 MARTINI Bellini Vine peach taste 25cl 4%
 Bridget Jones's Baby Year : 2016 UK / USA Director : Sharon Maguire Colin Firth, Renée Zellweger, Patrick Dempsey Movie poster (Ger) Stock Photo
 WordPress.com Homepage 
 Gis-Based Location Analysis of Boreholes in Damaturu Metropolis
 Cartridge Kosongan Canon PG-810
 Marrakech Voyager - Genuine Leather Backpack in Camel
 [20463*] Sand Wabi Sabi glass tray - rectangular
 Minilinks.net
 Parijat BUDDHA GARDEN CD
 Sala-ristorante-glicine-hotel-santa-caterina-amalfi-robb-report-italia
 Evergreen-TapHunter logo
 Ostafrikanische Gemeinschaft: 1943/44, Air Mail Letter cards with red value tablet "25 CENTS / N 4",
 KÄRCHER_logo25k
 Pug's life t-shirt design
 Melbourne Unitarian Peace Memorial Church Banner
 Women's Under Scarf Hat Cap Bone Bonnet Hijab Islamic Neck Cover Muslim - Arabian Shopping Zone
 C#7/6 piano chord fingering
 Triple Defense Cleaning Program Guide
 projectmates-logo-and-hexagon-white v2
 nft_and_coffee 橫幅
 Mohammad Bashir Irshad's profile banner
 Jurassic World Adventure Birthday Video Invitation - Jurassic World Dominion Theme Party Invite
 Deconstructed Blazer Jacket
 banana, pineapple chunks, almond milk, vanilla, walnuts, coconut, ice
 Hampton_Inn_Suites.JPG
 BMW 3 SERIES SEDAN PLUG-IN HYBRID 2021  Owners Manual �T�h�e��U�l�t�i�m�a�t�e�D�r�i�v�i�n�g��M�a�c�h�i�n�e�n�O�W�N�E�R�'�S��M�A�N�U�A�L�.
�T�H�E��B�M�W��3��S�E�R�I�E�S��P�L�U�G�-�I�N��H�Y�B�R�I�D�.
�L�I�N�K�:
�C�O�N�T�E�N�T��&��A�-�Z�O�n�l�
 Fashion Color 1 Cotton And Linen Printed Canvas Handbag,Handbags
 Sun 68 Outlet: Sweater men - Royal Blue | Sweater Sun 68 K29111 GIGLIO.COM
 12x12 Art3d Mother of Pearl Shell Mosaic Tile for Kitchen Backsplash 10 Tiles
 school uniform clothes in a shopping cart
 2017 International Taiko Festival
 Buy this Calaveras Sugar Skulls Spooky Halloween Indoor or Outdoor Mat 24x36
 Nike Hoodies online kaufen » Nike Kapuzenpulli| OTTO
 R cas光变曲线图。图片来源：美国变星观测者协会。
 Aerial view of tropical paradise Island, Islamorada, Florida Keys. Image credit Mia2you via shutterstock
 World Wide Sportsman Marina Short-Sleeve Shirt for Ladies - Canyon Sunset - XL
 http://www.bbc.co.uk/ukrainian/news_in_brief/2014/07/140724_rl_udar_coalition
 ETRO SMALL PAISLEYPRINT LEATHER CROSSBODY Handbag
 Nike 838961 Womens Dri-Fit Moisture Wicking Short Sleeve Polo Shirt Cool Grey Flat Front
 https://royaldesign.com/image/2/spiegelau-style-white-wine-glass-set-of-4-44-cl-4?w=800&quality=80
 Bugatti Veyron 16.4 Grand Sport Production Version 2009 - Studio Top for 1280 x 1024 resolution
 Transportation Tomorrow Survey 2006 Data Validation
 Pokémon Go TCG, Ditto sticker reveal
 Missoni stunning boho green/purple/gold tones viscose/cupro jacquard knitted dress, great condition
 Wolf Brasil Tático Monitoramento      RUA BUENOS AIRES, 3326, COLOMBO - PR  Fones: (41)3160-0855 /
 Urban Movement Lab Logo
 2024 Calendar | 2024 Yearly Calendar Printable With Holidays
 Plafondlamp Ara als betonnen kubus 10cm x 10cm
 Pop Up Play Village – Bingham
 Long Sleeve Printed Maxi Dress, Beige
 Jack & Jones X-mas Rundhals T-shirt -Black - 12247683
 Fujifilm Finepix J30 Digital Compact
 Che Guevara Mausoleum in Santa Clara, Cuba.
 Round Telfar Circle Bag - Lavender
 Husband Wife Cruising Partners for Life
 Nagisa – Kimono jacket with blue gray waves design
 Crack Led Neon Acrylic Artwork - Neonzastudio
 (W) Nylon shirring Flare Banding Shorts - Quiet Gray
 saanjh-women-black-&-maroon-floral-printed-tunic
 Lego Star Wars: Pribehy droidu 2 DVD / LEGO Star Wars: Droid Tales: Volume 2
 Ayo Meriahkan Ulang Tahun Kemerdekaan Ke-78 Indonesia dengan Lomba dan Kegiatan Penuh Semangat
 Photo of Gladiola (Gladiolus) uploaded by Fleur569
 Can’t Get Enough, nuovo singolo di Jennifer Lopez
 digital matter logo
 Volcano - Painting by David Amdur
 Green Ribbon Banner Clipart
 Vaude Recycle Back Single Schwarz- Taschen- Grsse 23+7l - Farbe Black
——
- WHAT IS NEEDED
Take every line above that includes "glass" and list it.

- ANSWER TO THE EXERCISE
 [20463*] Sand Wabi Sabi glass tray - rectangular
 https://royaldesign.com/image/2/spiegelau-style-white-wine-glass-set-of-4-44-cl-4?w=800&quality=80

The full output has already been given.